Joint Chiefs of Staff Chairman Gen. Joseph Dunford listens, Wednesday May 1, 2019, during a House Appropriations subcommittee on budget hearing on Capitol Hill in Washington.

Joint Chiefs of Staff Chairman Gen. Joseph Dunford listens, Wednesday May 1, 2019, during a House Appropriations subcommittee on budget hearing on Capitol Hill in Washington. AP Photo/Jacquelyn Martin

Top US Officer: Iran’s Threats Look Like a ‘Campaign’

The Joint Chiefs chairman says he saw ‘multiple threat streams that were all, perhaps coming together, in time.”

Iran is engaged in a “campaign” against the United States unlike anything in the past 40 years, the top U.S. officer said, explaining why the Pentagon is dispatching some 900 troops and other assets to the Middle East.

Speaking Wednesday at the Brookings Institution, Joint Chiefs Chairman Gen. Joseph Dunford recounted the events that led to his decision. On May 3, Dunford said, he was examining new intelligence on the threat posed by Iran to the United States in the region. He saw “multiple threat streams that were all, perhaps coming together, in time.”

“We saw something that looked more like a campaign than an individual threat,” he said. “It was the geographic span, and the perception that that activity would be synchronized in time that caused us to look at that threat differently than 40 years, by the way, of malign activity by the Iranians.
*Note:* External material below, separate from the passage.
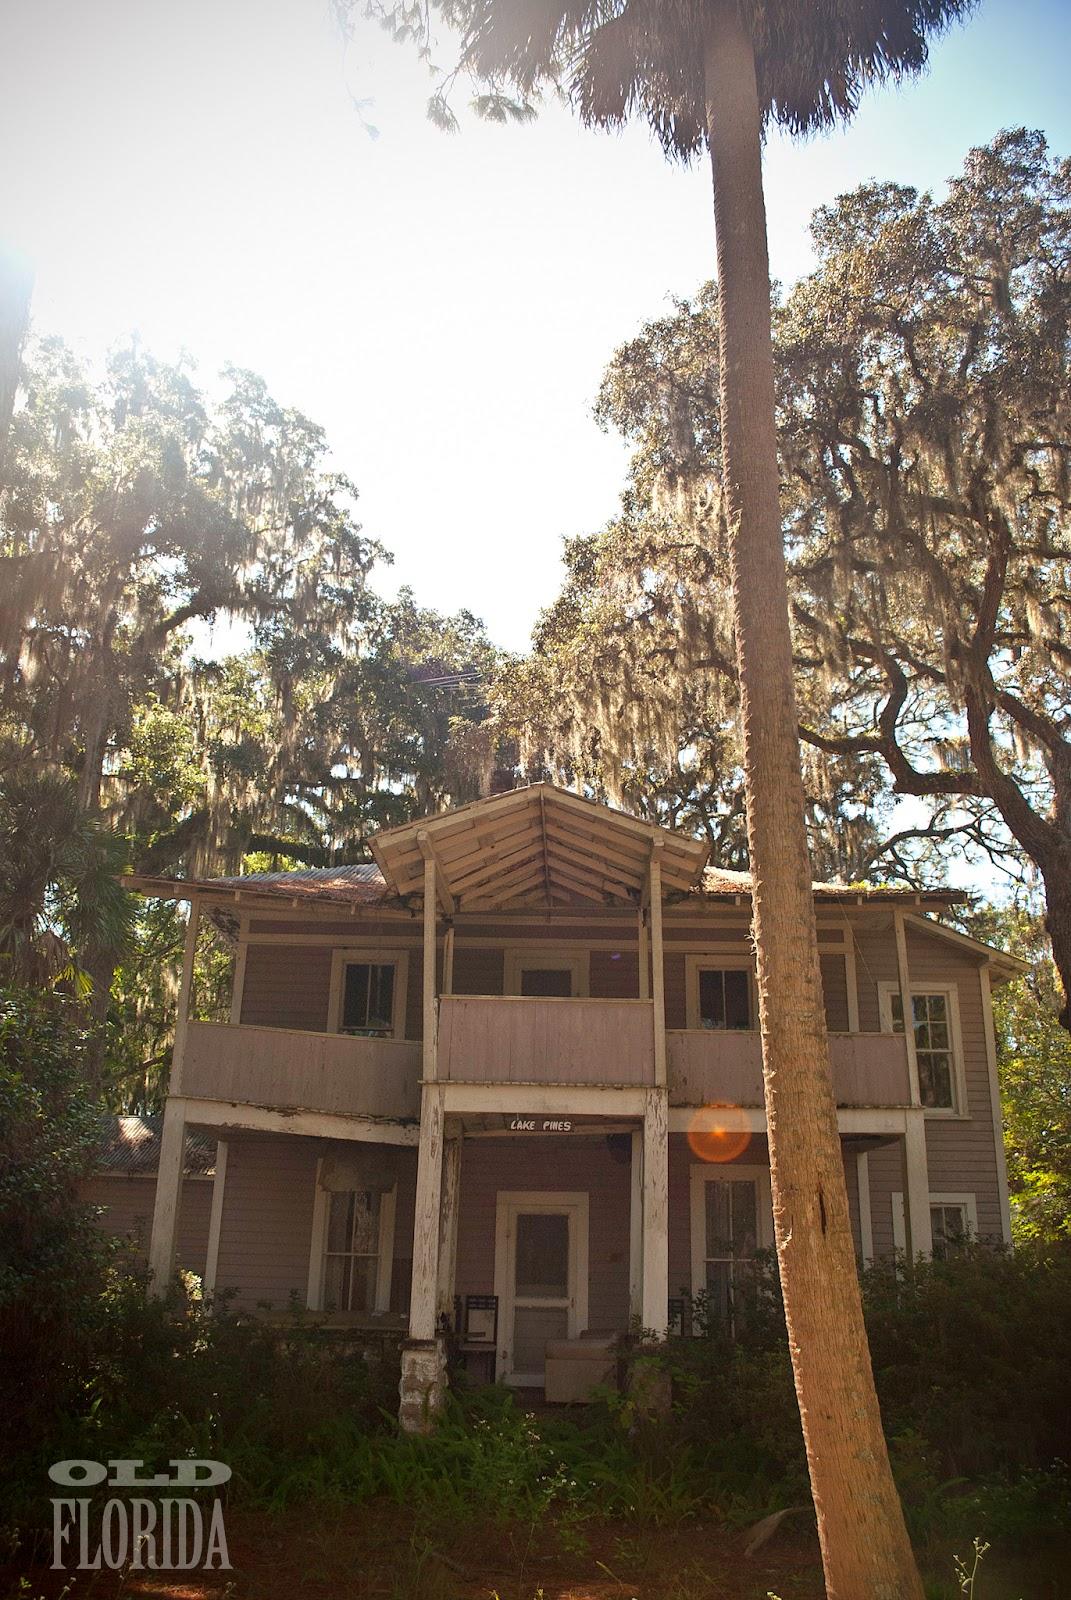 Good Day Sunshine Old Florida Village : Old florida

Malign activity and threats to our forces were not new, but a more widespread and almost campaign-like perspective from the Iranians was what we were dealing with.”

Dunford said the new deployment is meant to deter Iranian aggression, echoing some of what Pentagon officials said last week. “This is not intended to reinforce our offensive capability in the region. This is designed to protect our people, much like the previous force elements we sent in were designed to enhance our deterrence. So that’s where we are today.”
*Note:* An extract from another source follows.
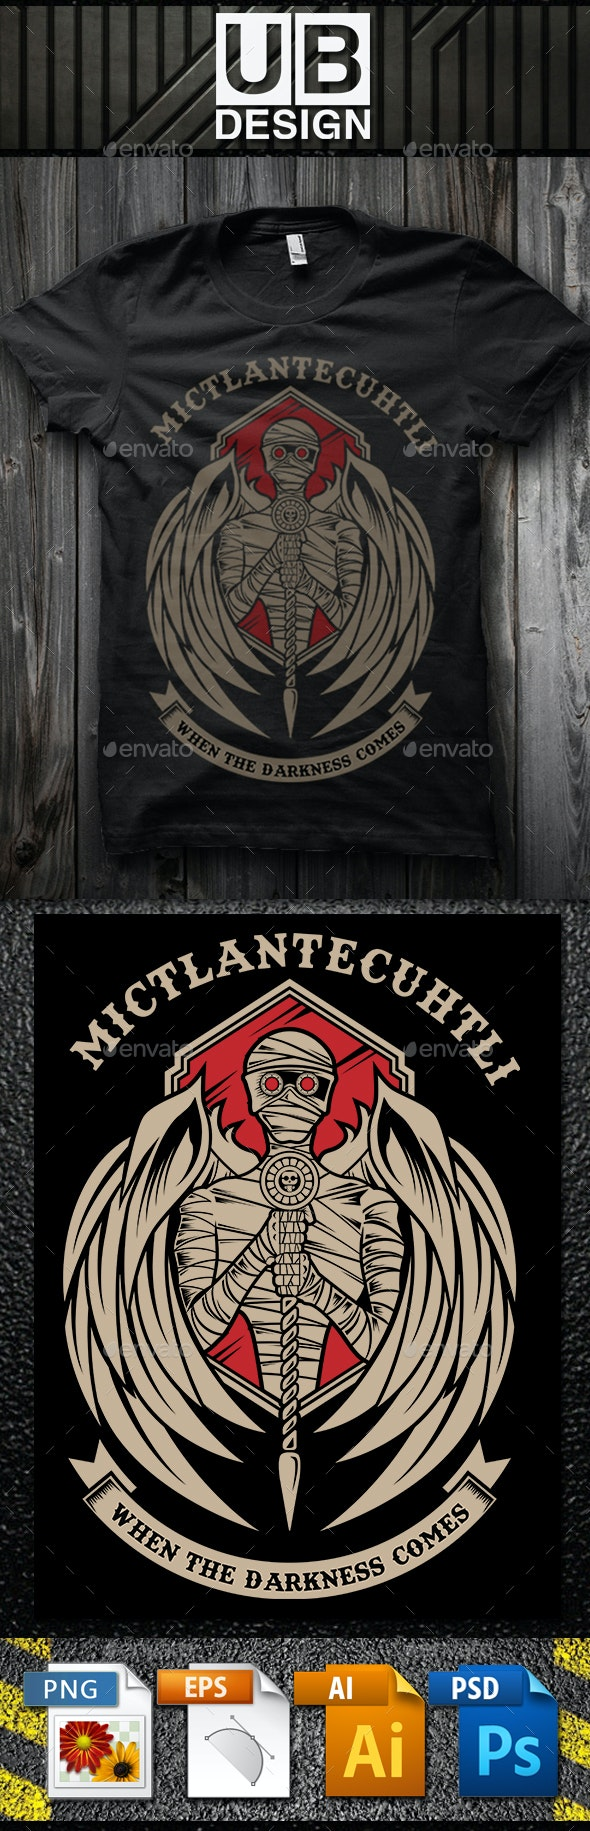 Mictlantecuhtli - Designs T-Shirts

Last weekend, he said, U.S. officials placed a phone call to their Iranian counterparts. “We sent a message at that time to Iran just so they understood we would hold them accountable should something take place in the region, that there was not an opportunity for them to do things and then claim that it wasn’t attributable to Iran.”

Dunford said the intelligence suggested that Iranian leaders believed that they might be able to strike U.S. forces without risk of retaliation. That’s why he conferred with Gen. Ken McKenzie, who leads U.S. Central Command, and by Sunday morning had recommended to acting Defense Secretary Patrick Shanahan that Abraham Lincoln carrier strike group in the Mediterranean be immediately sent to the CENTCOM area of responsibility.

He added, “We averaged more than two carrier strike groups on station in 2012 in CENTCOM at any given time. We had zero on third, fourth, and fifth of May. We also sent bombers there as well as some Patriot missile systems.”

On Friday, Shanahan told reporters that the 900 troops would head to Qatar and Saudi Arabia.

On Capitol Hill, Democratic lawmakers have been loudly questioning the administration’s approach and motives toward Iran. On May 21, Sen. Chris Murphy, D-Connecticut, complained about how the administration had presented threat intelligence to lawmakers.

“I‘m listening to Republicans twist the Iran intel to make it sound like Iran is taking unprovoked, offensive measures against the U.S. and our allies. Like it just came out of nowhere...I’ve read the intel too. And let me be clear: That’s not what the intel says.”

Lawmakers have expressed worry about being excluded from the decision-making on Iran.

“Everybody is deeply, deeply concerned about Congress getting cut out of what’s transpiring over there, and they weren’t able to give enough assurance that we would be consulted,”  Rep. Raja Krishnamoorthi, D-Ill., who sits on the House Intelligence Committee, told Defense One earlier this month after a closed-door session with National Security Advisor John Bolton. “I think that’s a huge, huge question that’s going unanswered.”

Without naming any particular lawmaker, Dunford pushed back on the notion that Trump administration political rhetoric was driving his decision-making. “People can question the veracity of the intelligence. All I will say is, since that weekend, there have been ships that have been hit with mines. There have been UAV strikes. There have been rocket strikes in the proximity of the U.S. embassy in Iraq. All that activity has happened since the weekend of the third, fourth, and the fifth. So I view this purely through a military lens.”

Dunford did not touch on why Iran seemed to be becoming more aggressive.

But Murphy has expressed his view that the increased regional tension stems directly from the Trump administration’s decision to withdraw from the Iran nuclear deal, and to designate the Iranian Revolutionary Guard as a terrorist organization. “U.S. military leaders told Trump not to withdraw from the Iran deal, and not to designate the Iranian military as a terrorist group, and he ignored them. Why?” he tweeted on May 15.

Katie Bo Williams contributed to this report.